Последующие месяцы Жанна неизбежно чувствовала себя весьма неспокойно. Если после известия о беременности месячные все же исчезли, вид её тела долго не менялся. И в ноябре, на пятом месяце, выглядела почти также, как и раньше, хотя и с помощью платьев с кринолином. Герцог, хотя и помнивший одну из своих племянниц, которая была беременна не меньше шести месяцев, пока это стало заметно, порою все же в шутку спрашивал, будет ли кого татуировать. Жанна боялась, что ребенок будет крохотным, и мать наконец сводила её к знаменитой акушерке, обитавшей неподалеку от Бастилии. Старуха осмотрела Жанну, подтвердила срок беременности и сказала, что бояться нечего — с такими случаями она уже встречалась. И даже рассказала об одной девице в их квартале, которая родила совсем одна в своей комнате, причем родители так ничего и не заметили!
— Ну, что, ты успокоилась? — спросила Анна дочь, когда они возвращались все в том же сером экипаже. — Знаешь, когда я носила тебя, все было очень похоже.

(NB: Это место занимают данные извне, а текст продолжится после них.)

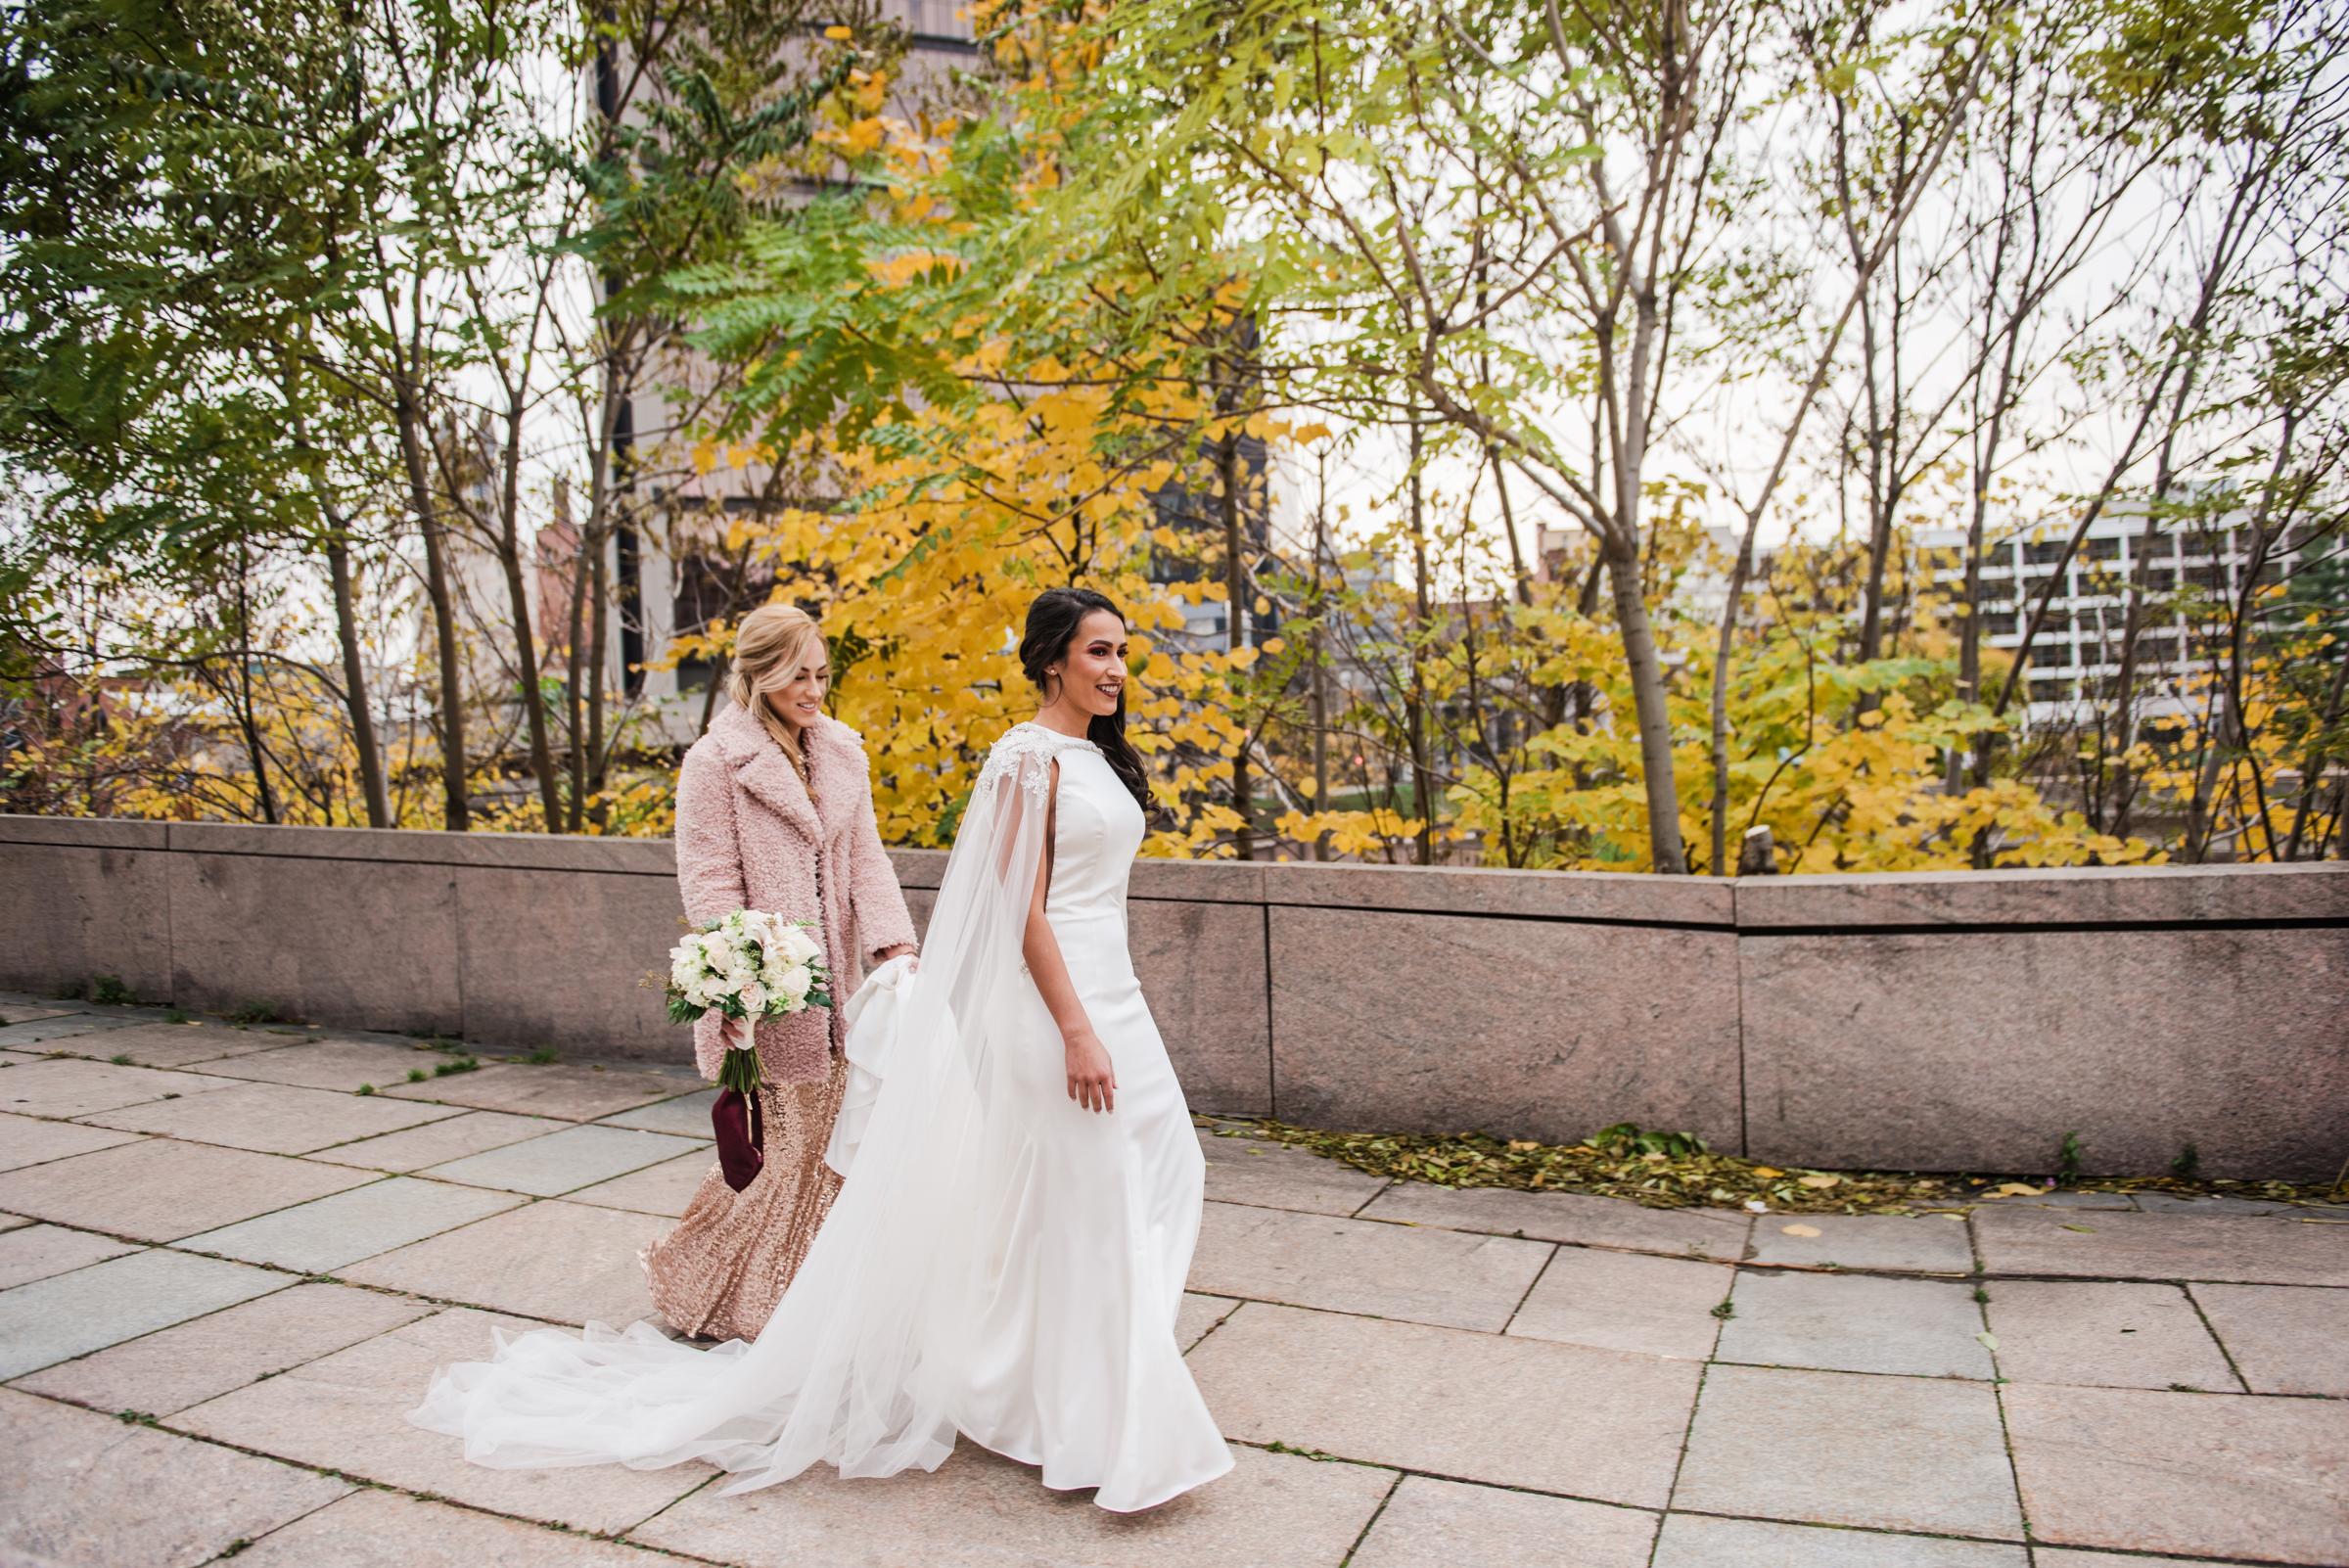 Wintergarden_by_Monroes_Rochester_Wedding_JILL_STUDIO_Rochester_NY_Photographer_163248.jpg

И, насколько я помню, примерно так же — и с моей матерью. Это семейная традиция, — продолжала она со смехом. — Только ты, доченька, случай вообще исключительный, раз месячные продолжались до третьего месяца!

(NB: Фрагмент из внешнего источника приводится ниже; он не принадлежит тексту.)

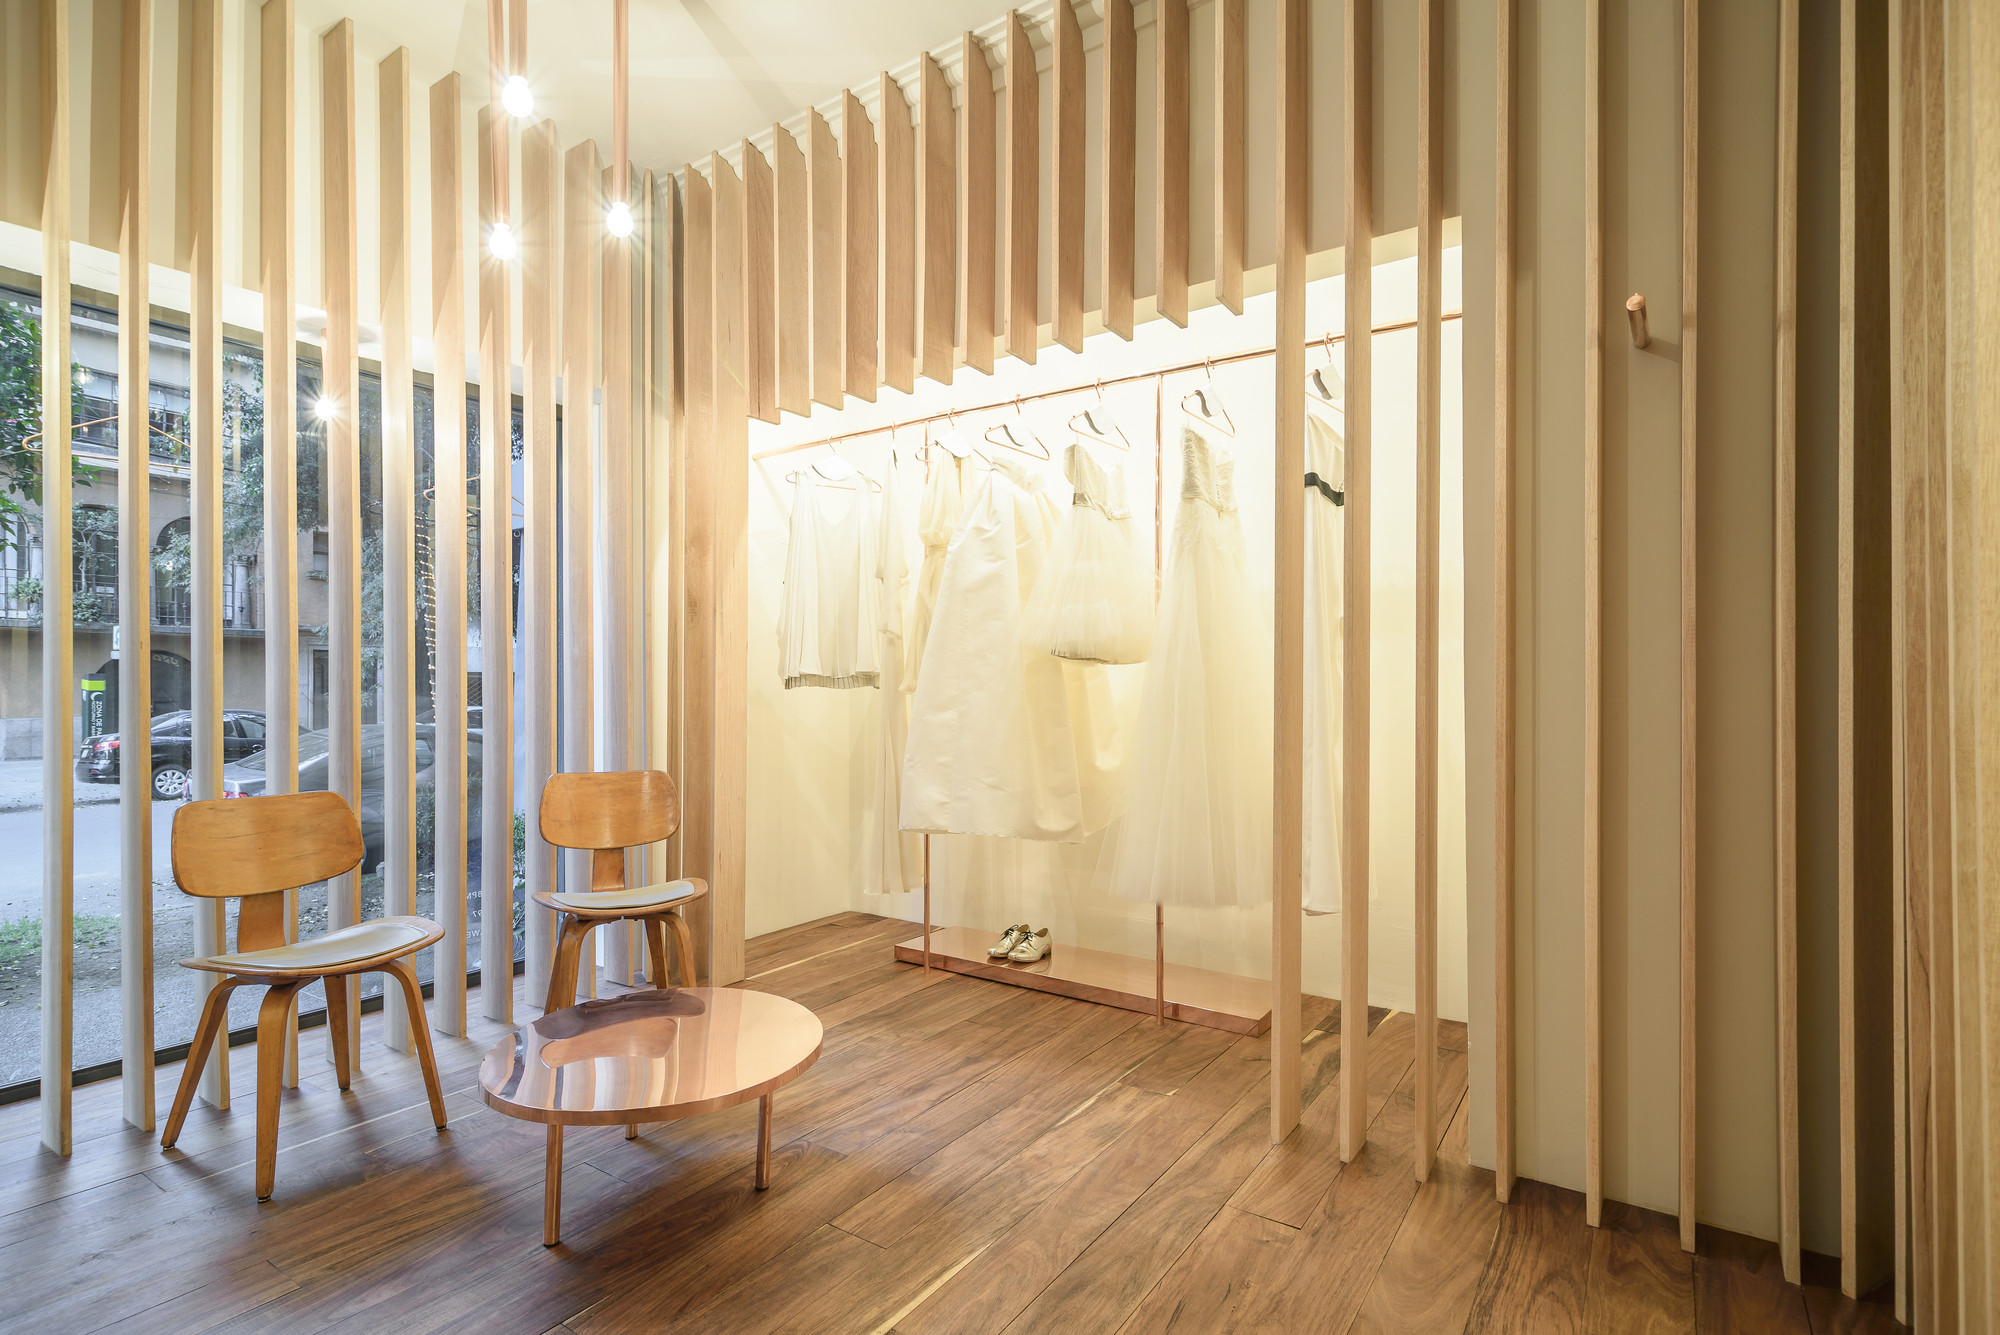 Boutique Sandra Weil / Zeller & Moye , © Moritz Bernoully

— Я все же боюсь выкидыша, — сказала Жанна, глядя в окно экипажа на проплывавшие улицы Парижа.
— Вот еще! — мать потрепала её по руке. Потом вдруг заволновалась.
— С чего бы вдруг? Ты же не занимаешься больше глупостями? Я хочу сказать… Ладно! Лучше бы поостеречься… Гм… Несколько месяцев, это не так страшно! И не пей шампанского! Пузырьки вредят маленькому, я это часто слышала!

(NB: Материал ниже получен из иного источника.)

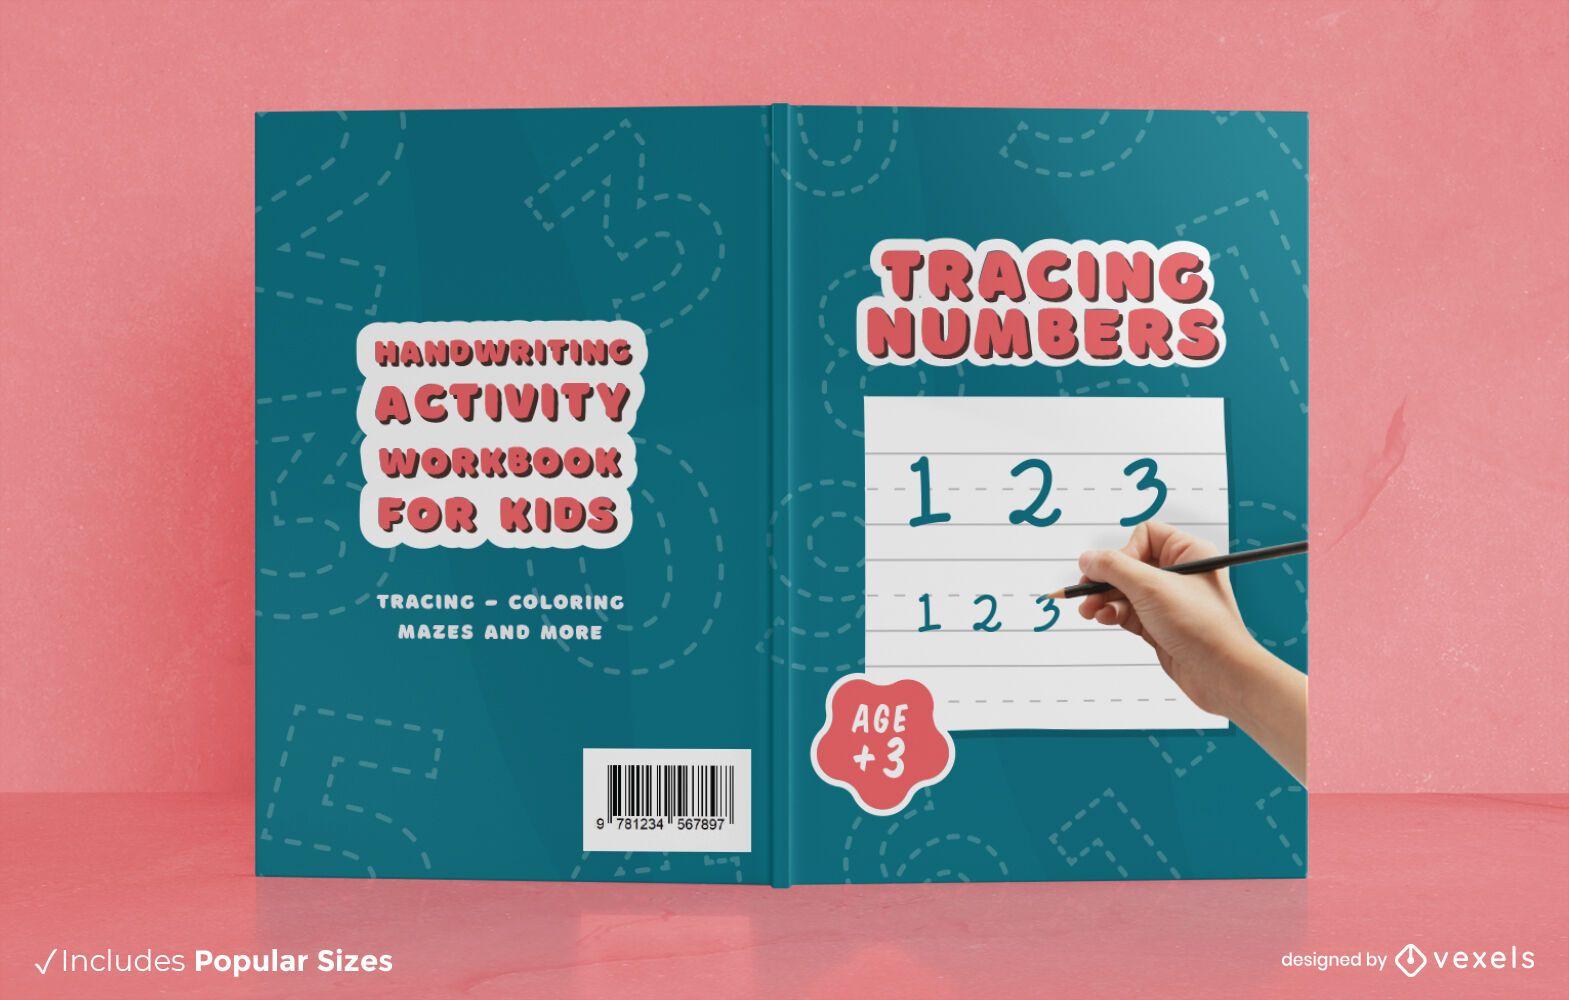 Handwriting activity book cover design

Потом настала пауза, во время которой Анна Рансон пыталась избавиться от мыслей о пугавшей её возможности выкидыша. Потерять ребенка — уже какая боль! А потерять внебрачного ребенка герцога Орлеанского! С того дня, как она узнала, что Жанна в положении — узнала в тот же день, когда и Жанна с герцогом, причем от самого герцога, который в полночь лично отвез Жанну домой, чтобы на семейном совете заставить всех торжественно поклясться перед Господом, что сохранят тайну рождения — так вот, с того же дня Анна предавалась безумным мечтам, отказываясь верить, что все мечты могли бы рухнуть ввиду какого-то зловредного казуса природы.
Она уже видела Жанну, вознагражденную дворянским титулом, замком, множеством слуг, то, как она участвует в роскошных торжествах в Версале и даже открывает бал в паре с самим Людовиком XV. Казалось, меньшего от герцога и ожидать было нельзя, чтоб доказать свою любовь и благосклонность, к такой прелестной девушке, которая даровала ему свою честь и вот-вот сделает его отцом, что очень лестно, если учесть его возраст! В какой же роли она видела саму себя? Видела покрытой драгоценностями, какие бы не мог позволить даже поставщик. Видела в роли управляющей замком своей дочери, которая конечно не справится с таким большим хозяйством! Возможно, и она сама, Анна Рансон, будет возведена в дворянское достоинство. Анна осторожно выспросила одного специалиста по генеалогии — но столкнулась с жестоким разочарованием — оказалось, что у неё никогда не будет ни малейших шансов получить ну хоть какой-то титул!